> _Data for this exercise_

┌────────

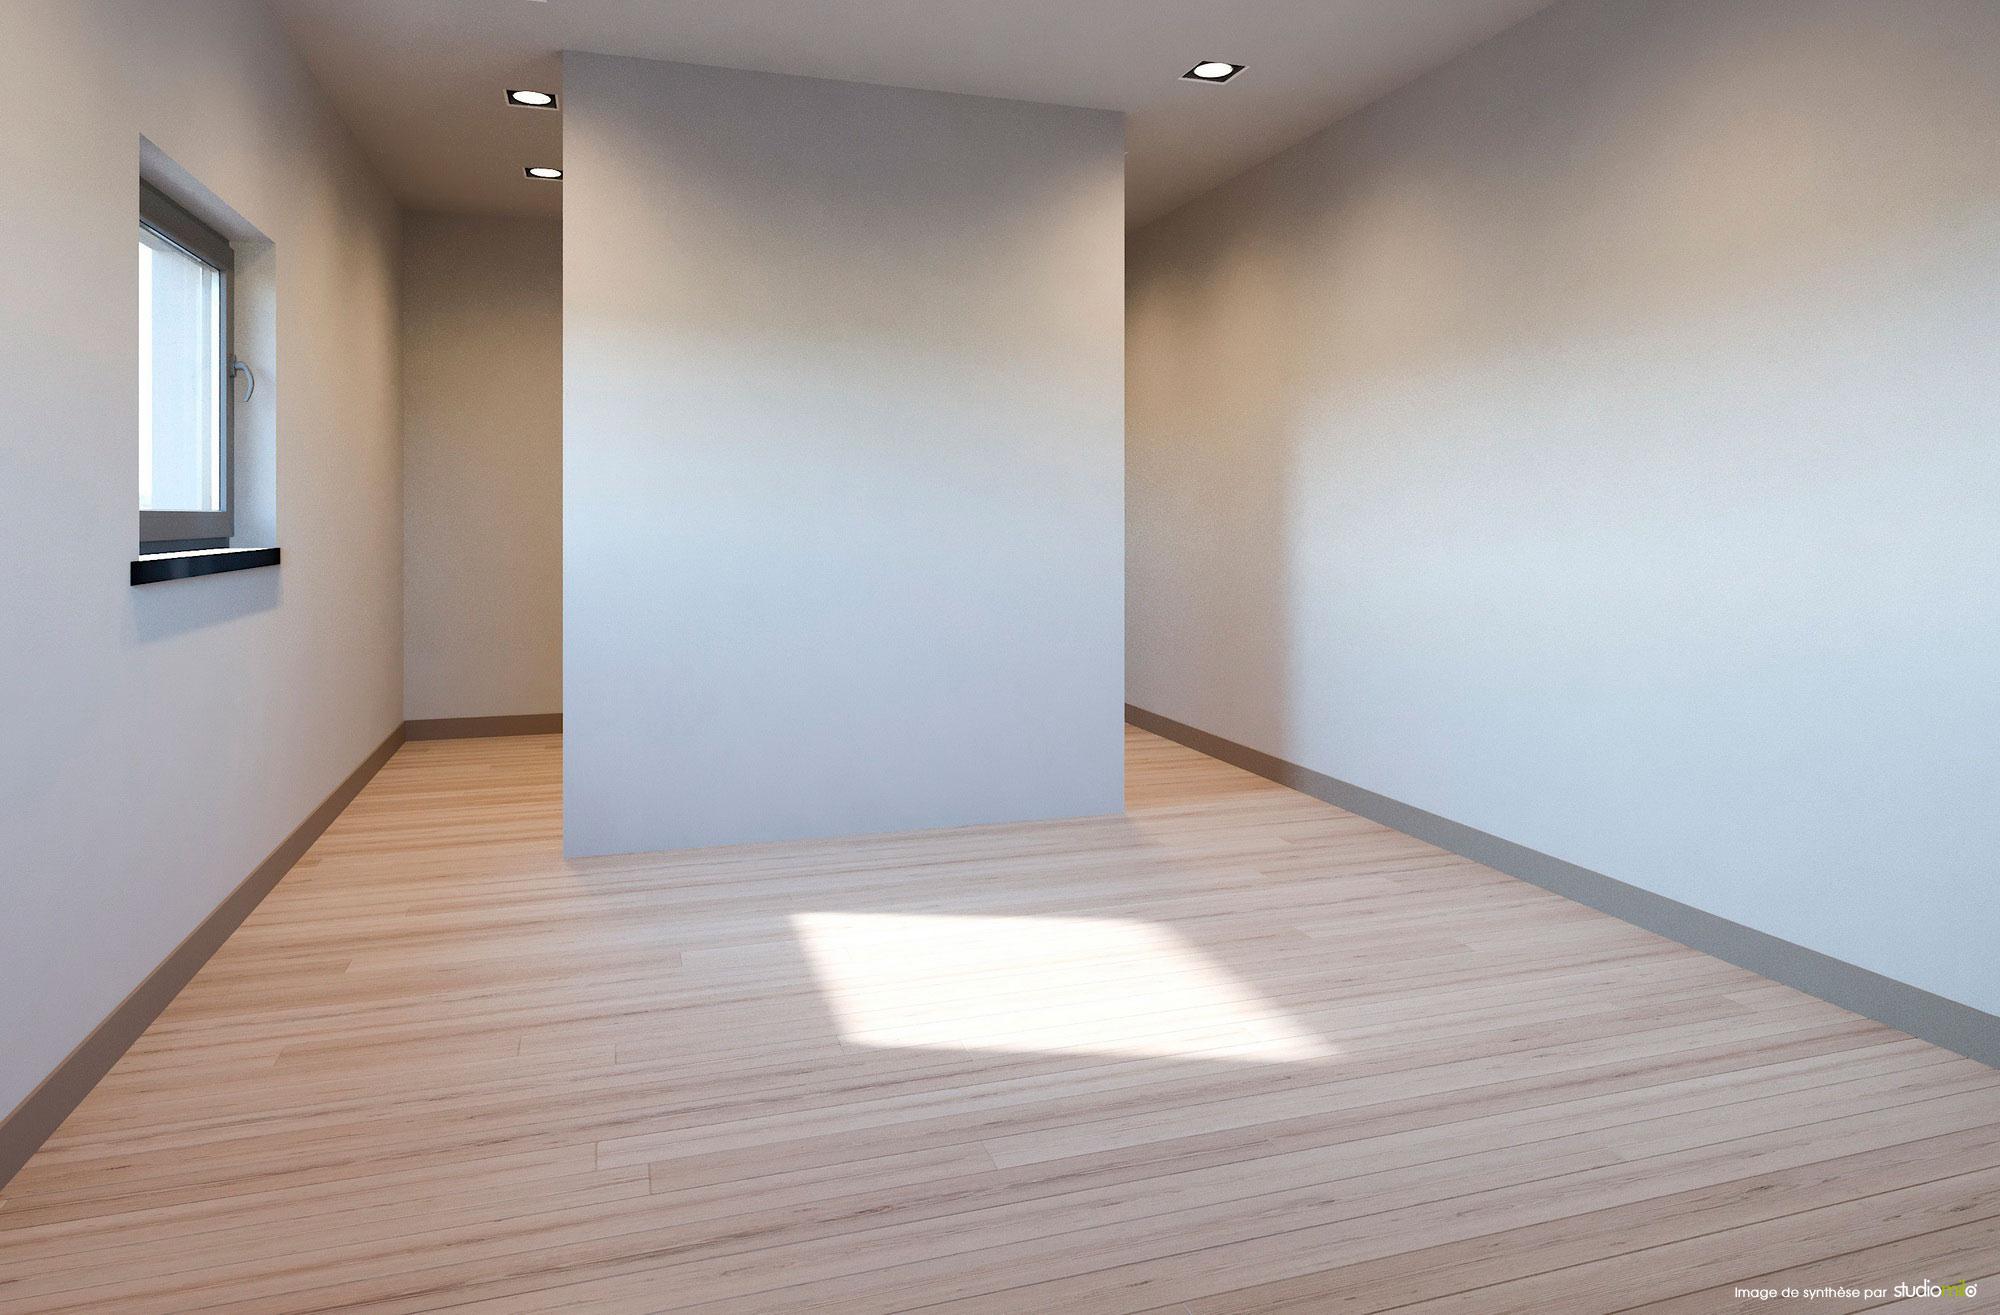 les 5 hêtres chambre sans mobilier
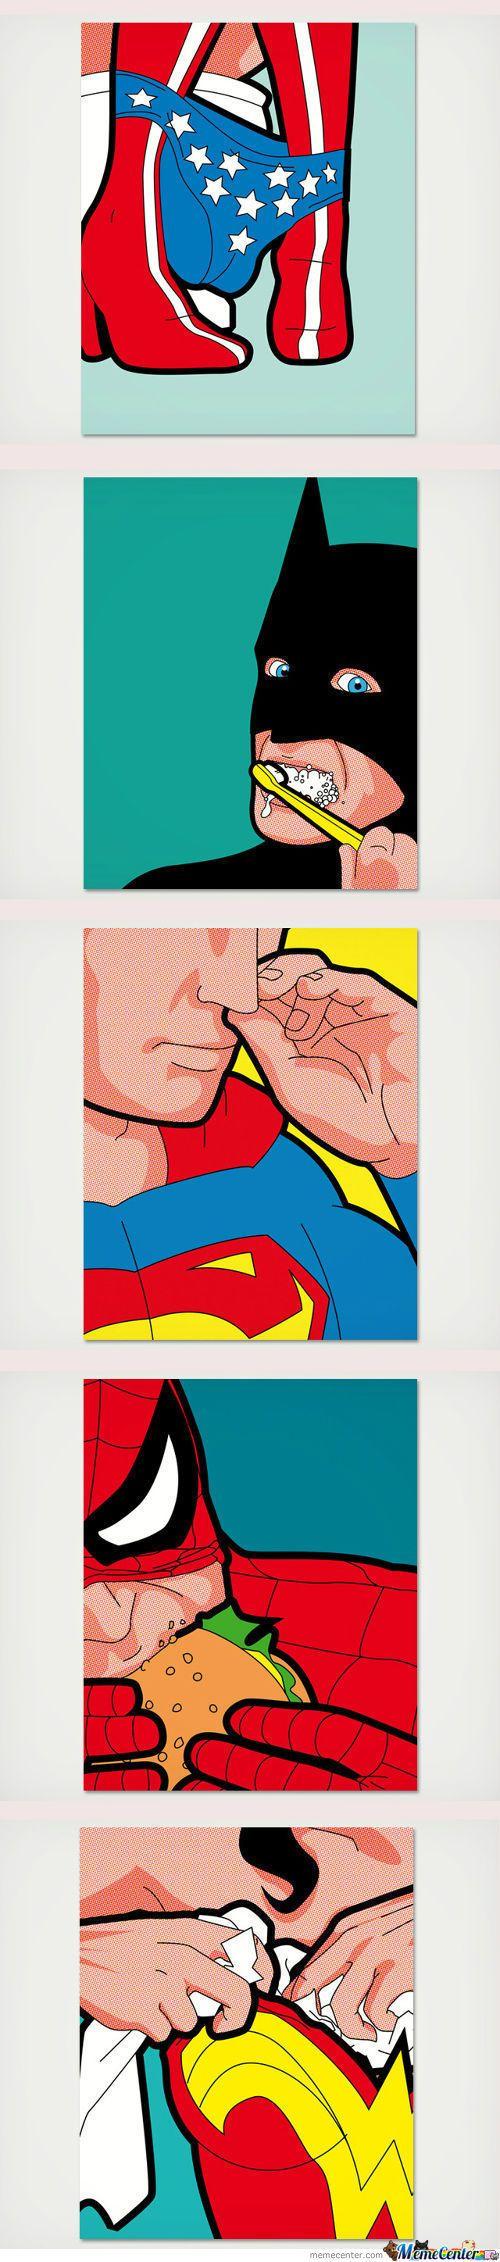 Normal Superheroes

└────────
┌────────

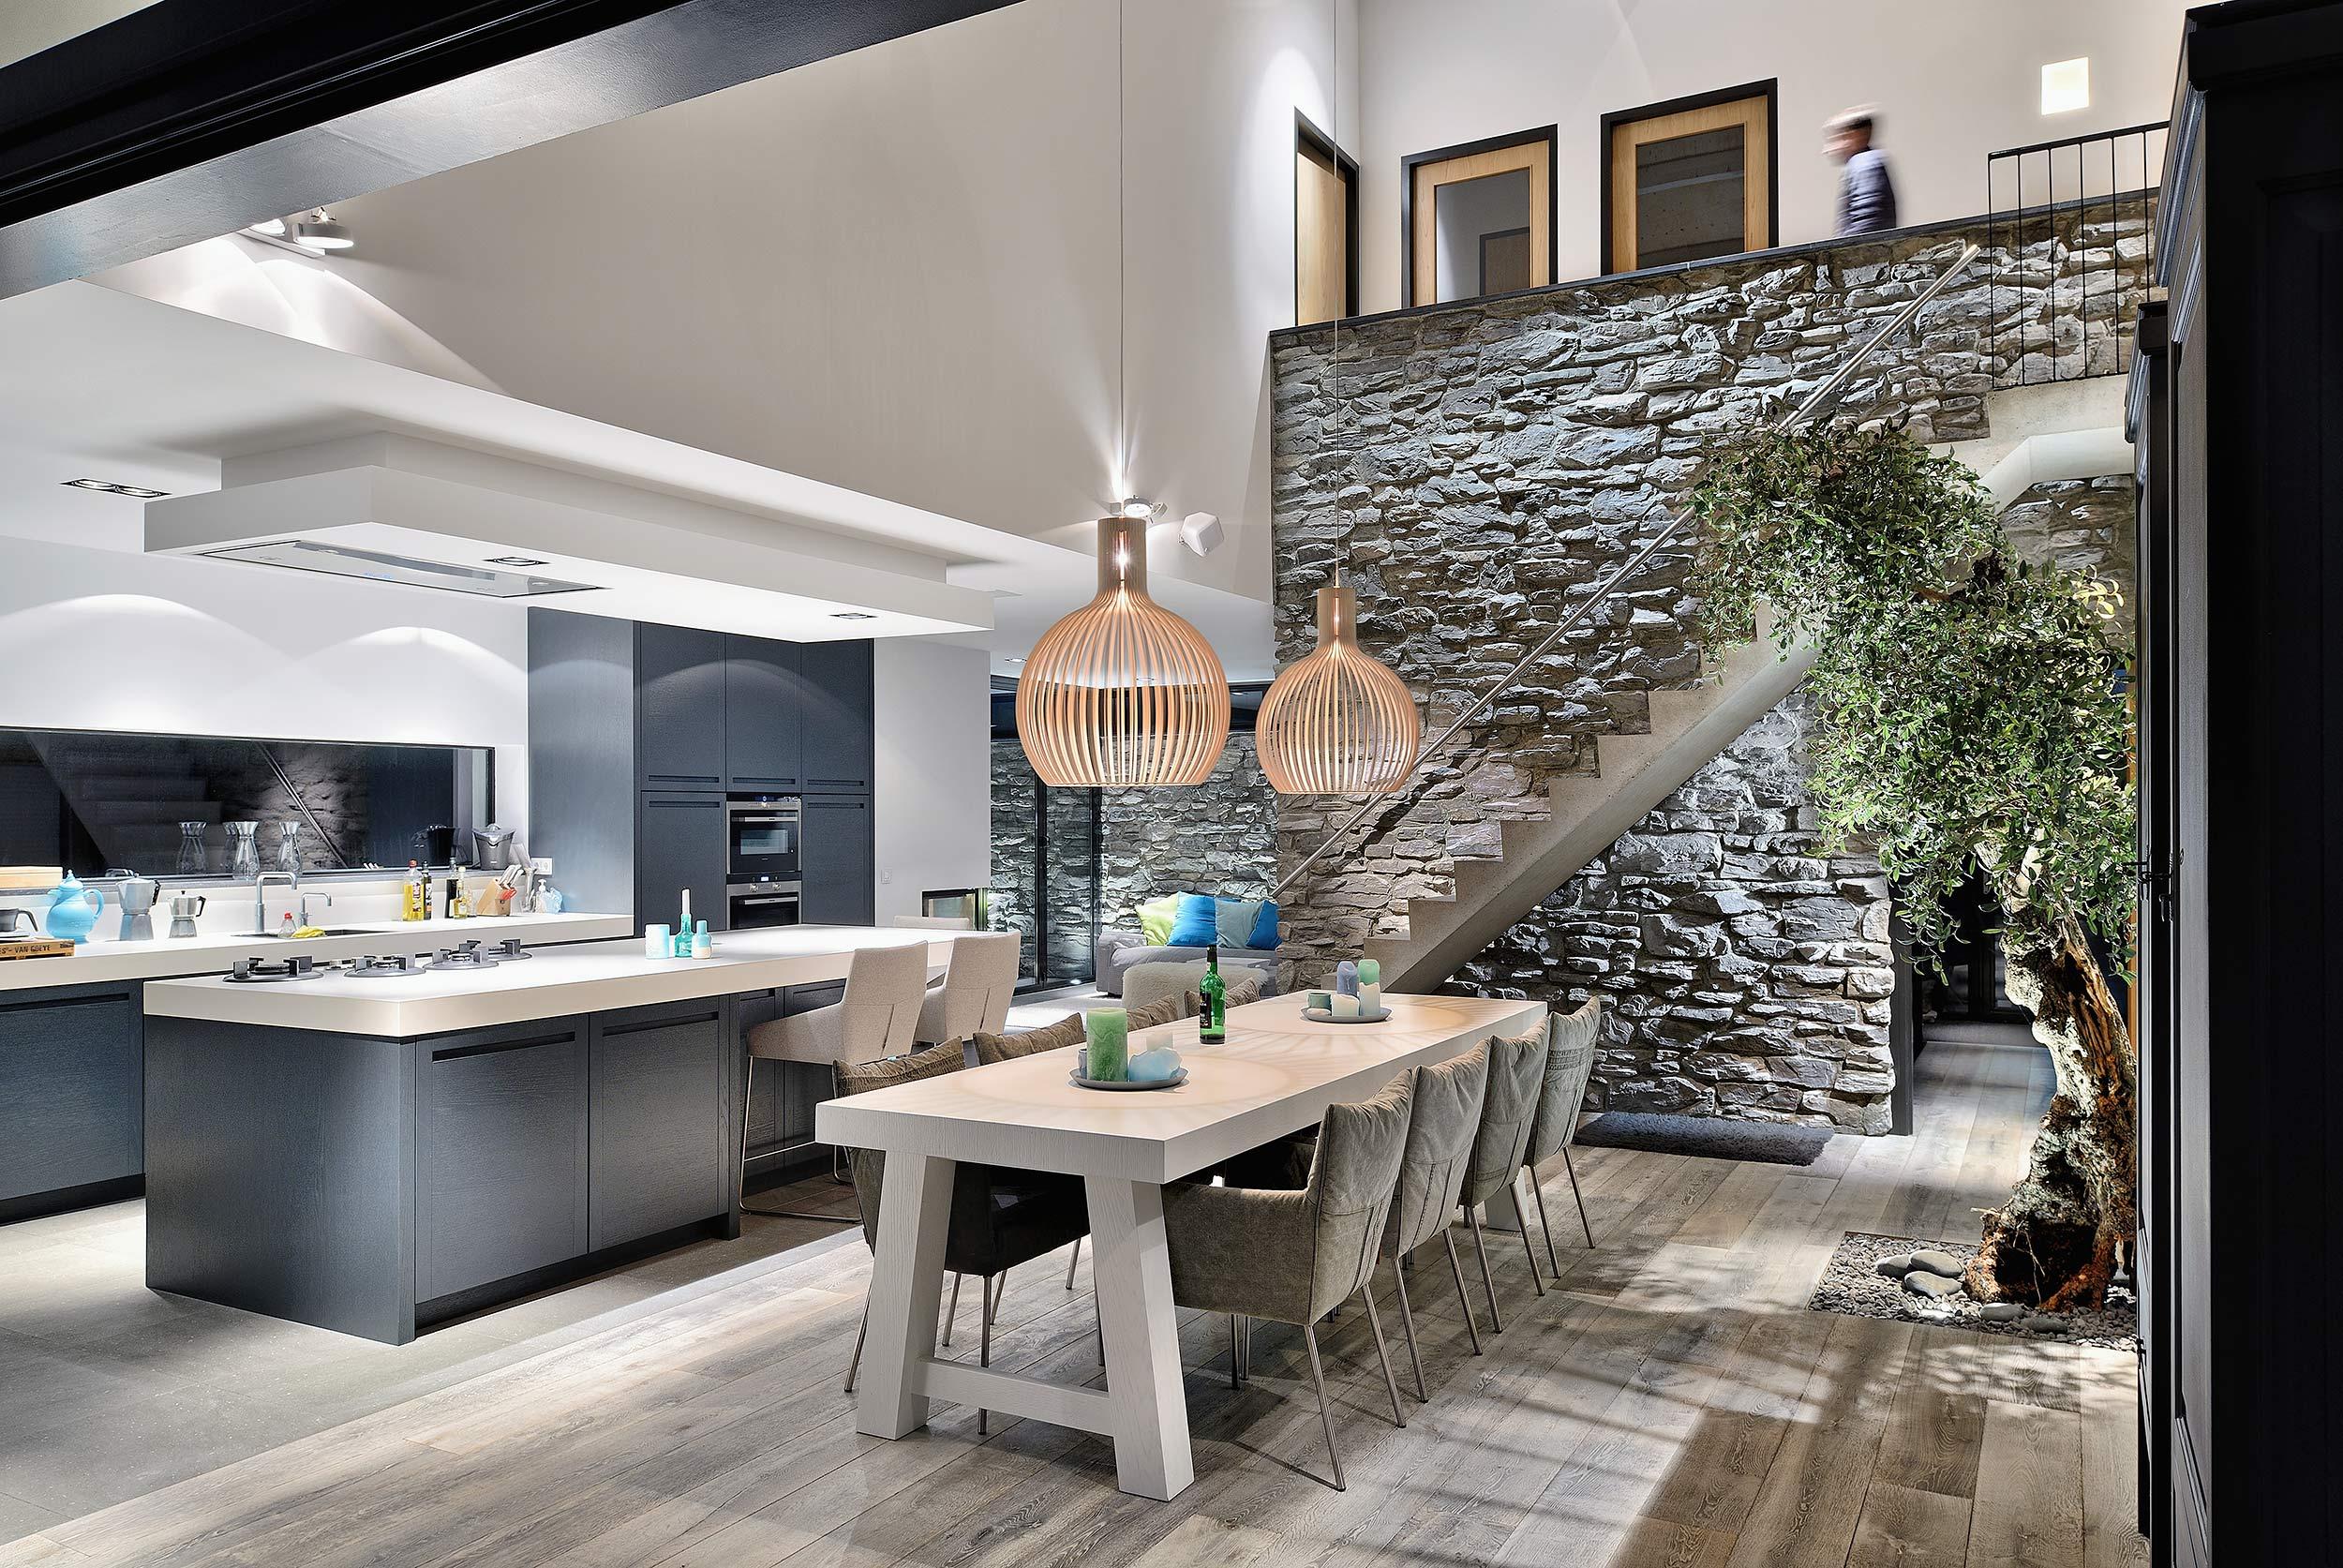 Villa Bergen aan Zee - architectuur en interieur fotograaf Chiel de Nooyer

└────────

> _Assignment_
In the listing above, find the line containing "les 5 hêtres chambre sans mobilier". Output it and every line after it up to and including the line containing "Normal Superheroes", exactly, but skip the pictures.

> _Answer to this exercise_
 les 5 hêtres chambre sans mobilier
 Normal Superheroes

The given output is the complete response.